**Exercise directions**
Would you repeat the listing below verbatim and drop the images?

**Data shown**
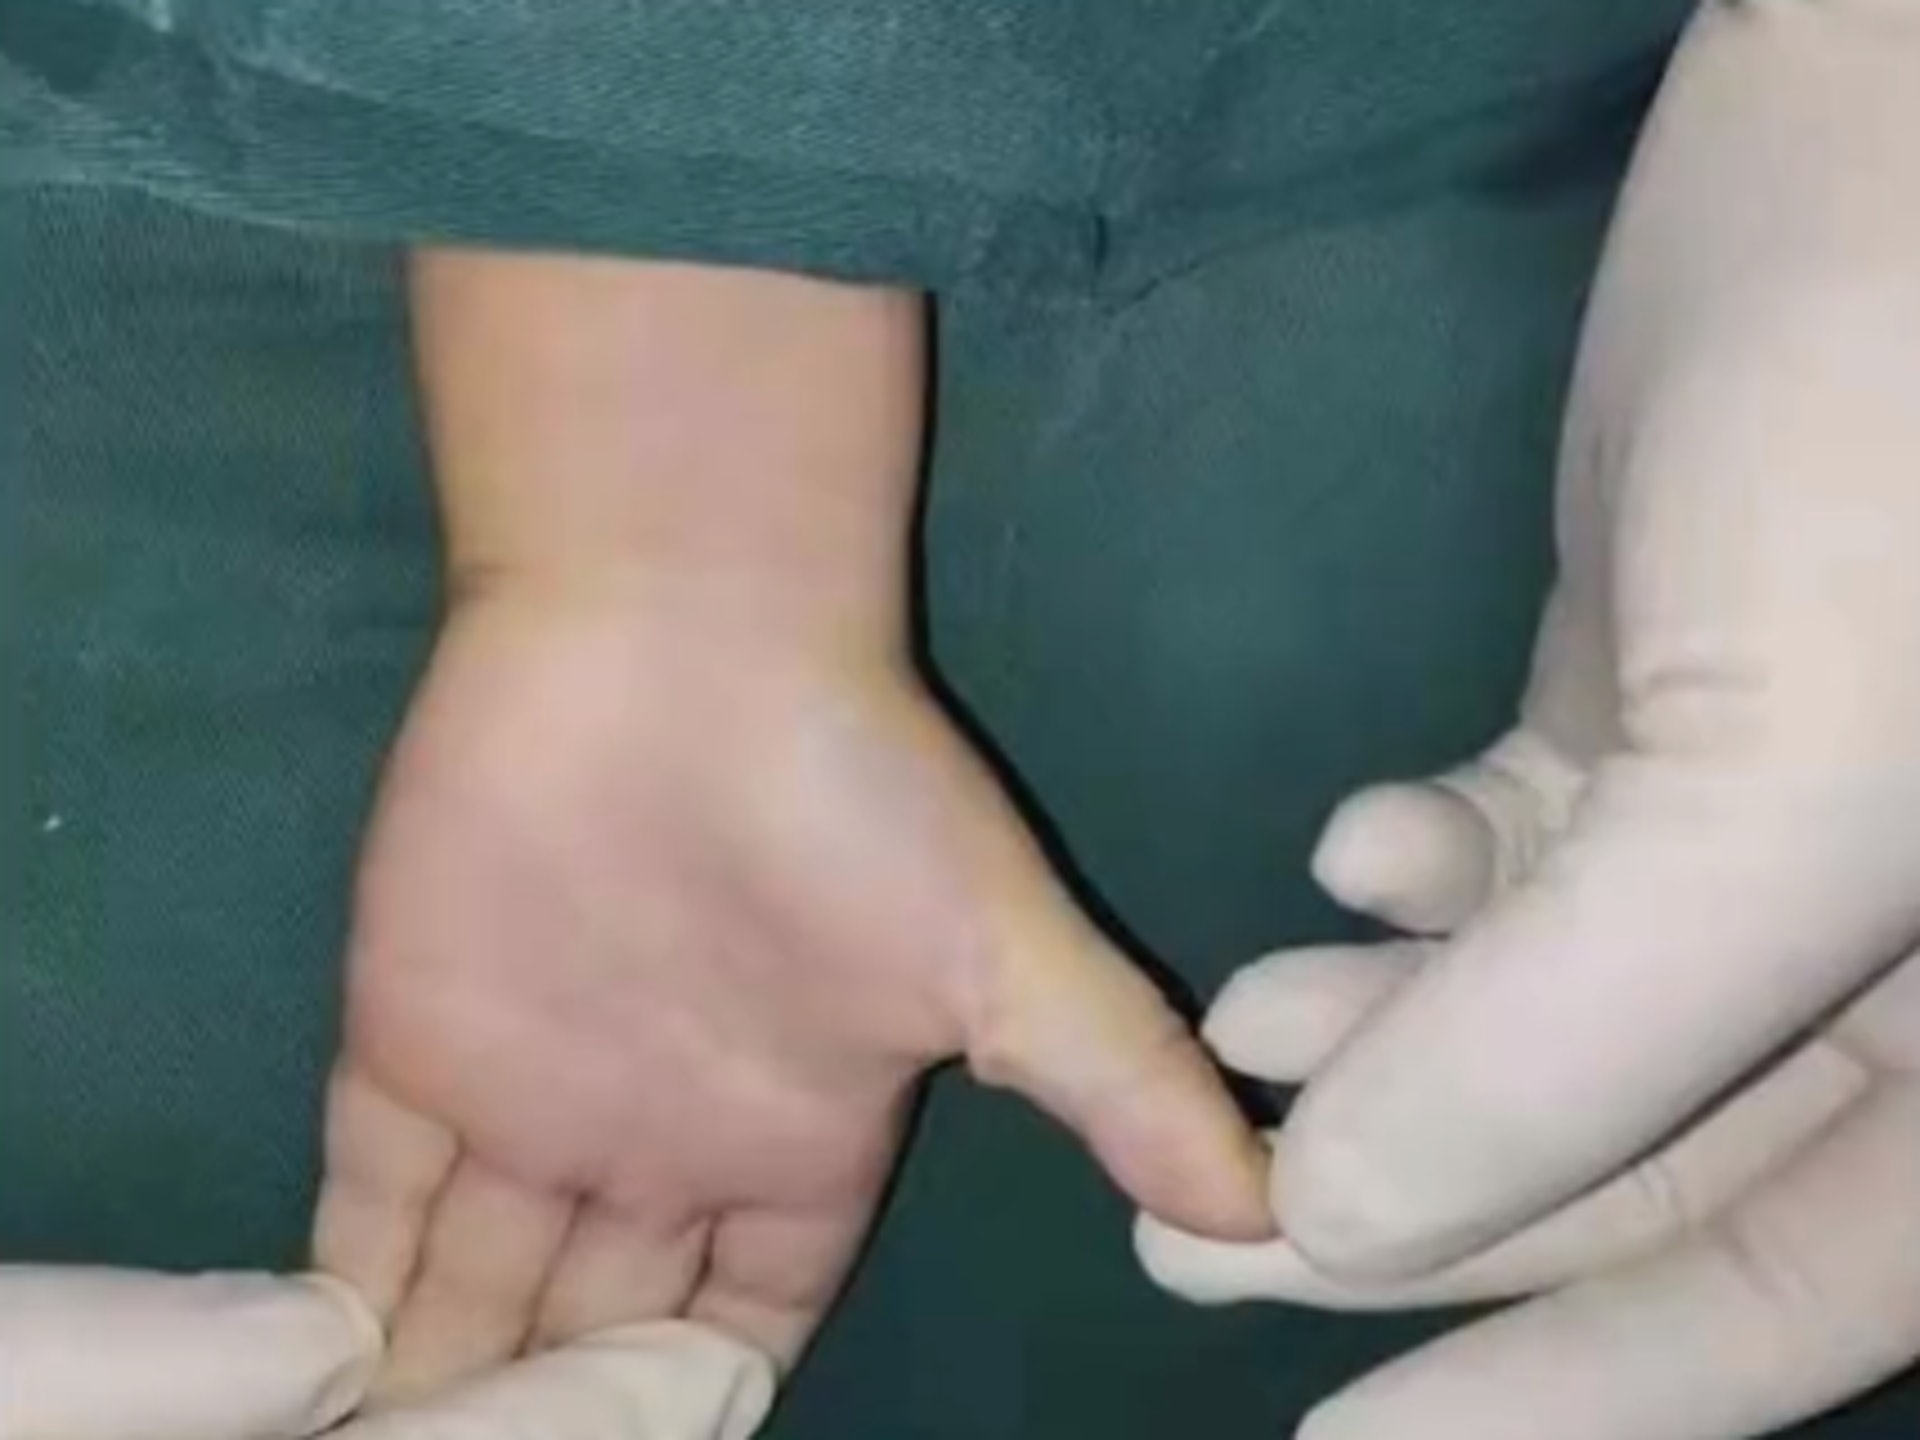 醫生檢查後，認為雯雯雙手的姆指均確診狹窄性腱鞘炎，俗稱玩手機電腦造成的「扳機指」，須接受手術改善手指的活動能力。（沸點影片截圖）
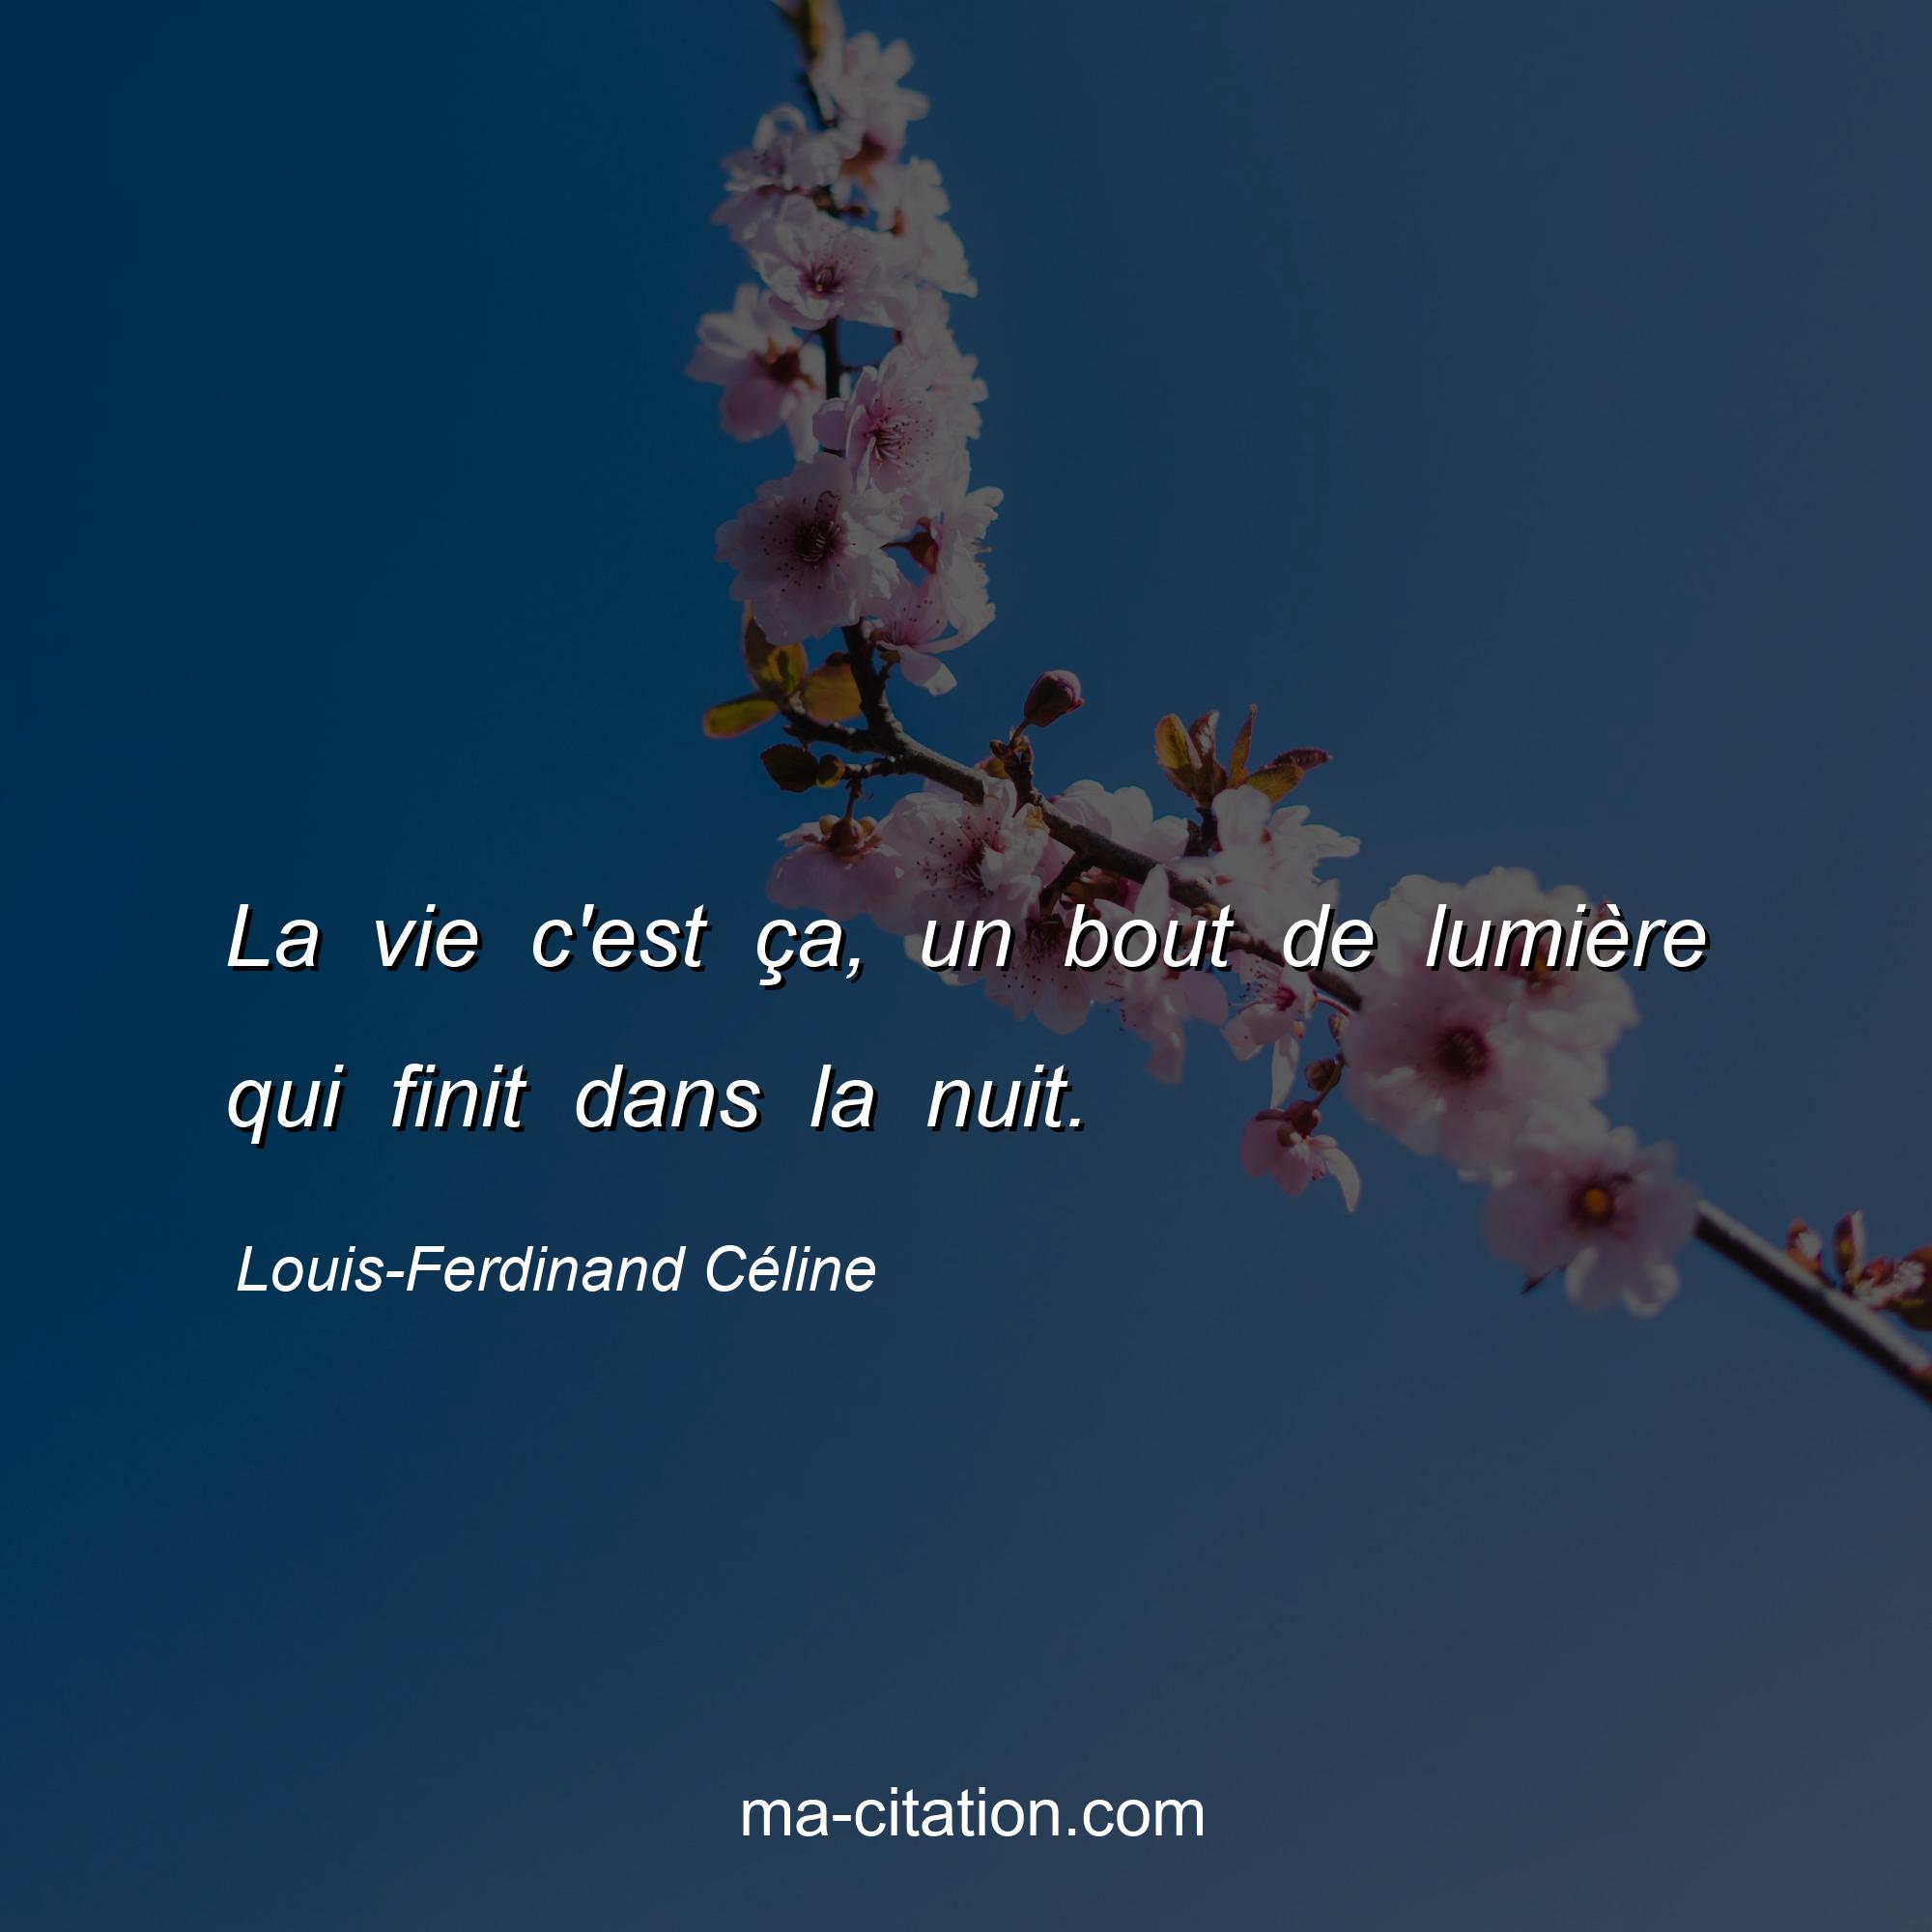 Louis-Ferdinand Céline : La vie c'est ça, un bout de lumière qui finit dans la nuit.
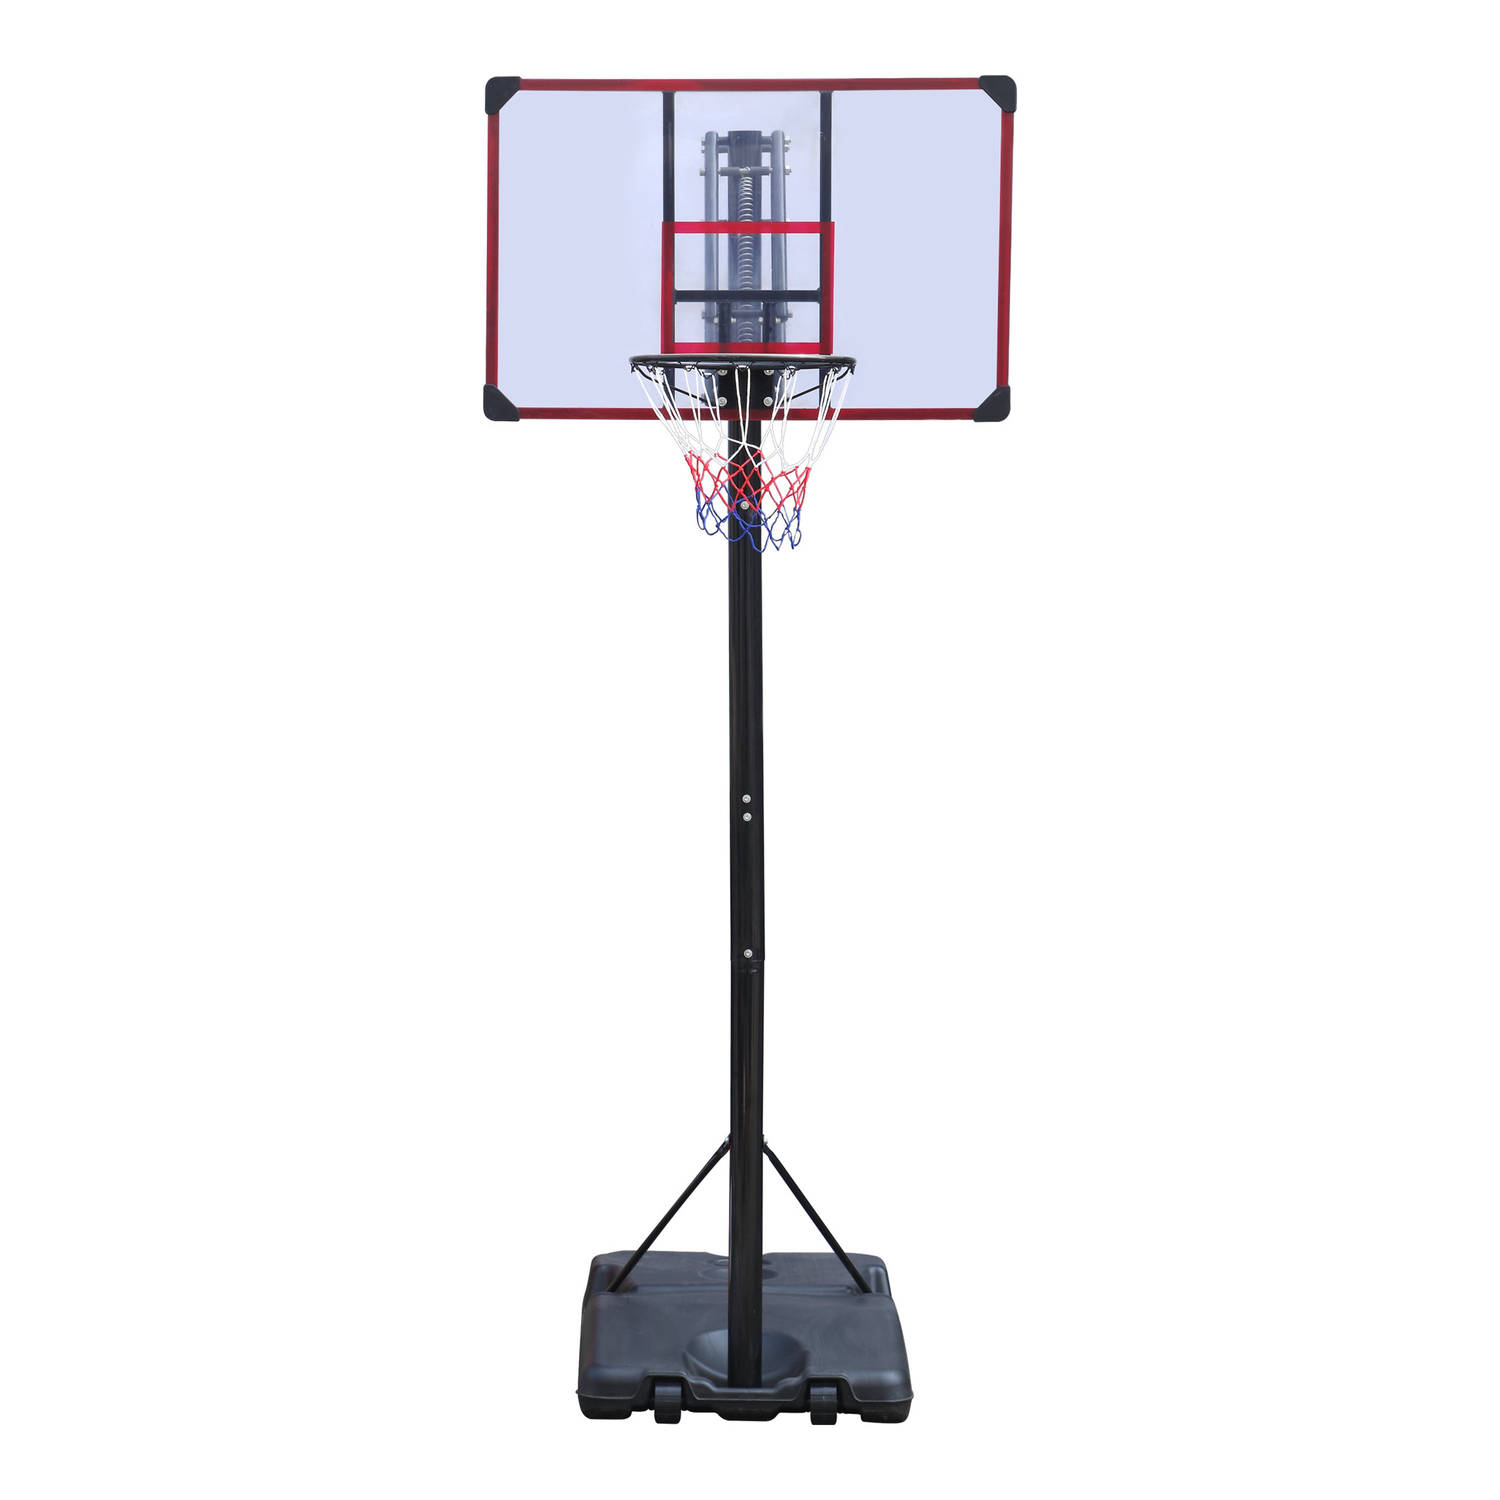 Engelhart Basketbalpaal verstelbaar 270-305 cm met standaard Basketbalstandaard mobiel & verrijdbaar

**Response area**
 醫生檢查後，認為雯雯雙手的姆指均確診狹窄性腱鞘炎，俗稱玩手機電腦造成的「扳機指」，須接受手術改善手指的活動能力。（沸點影片截圖）
 Louis-Ferdinand Céline : La vie c'est ça, un bout de lumière qui finit dans la nuit.
 Engelhart Basketbalpaal verstelbaar 270-305 cm met standaard Basketbalstandaard mobiel & verrijdbaar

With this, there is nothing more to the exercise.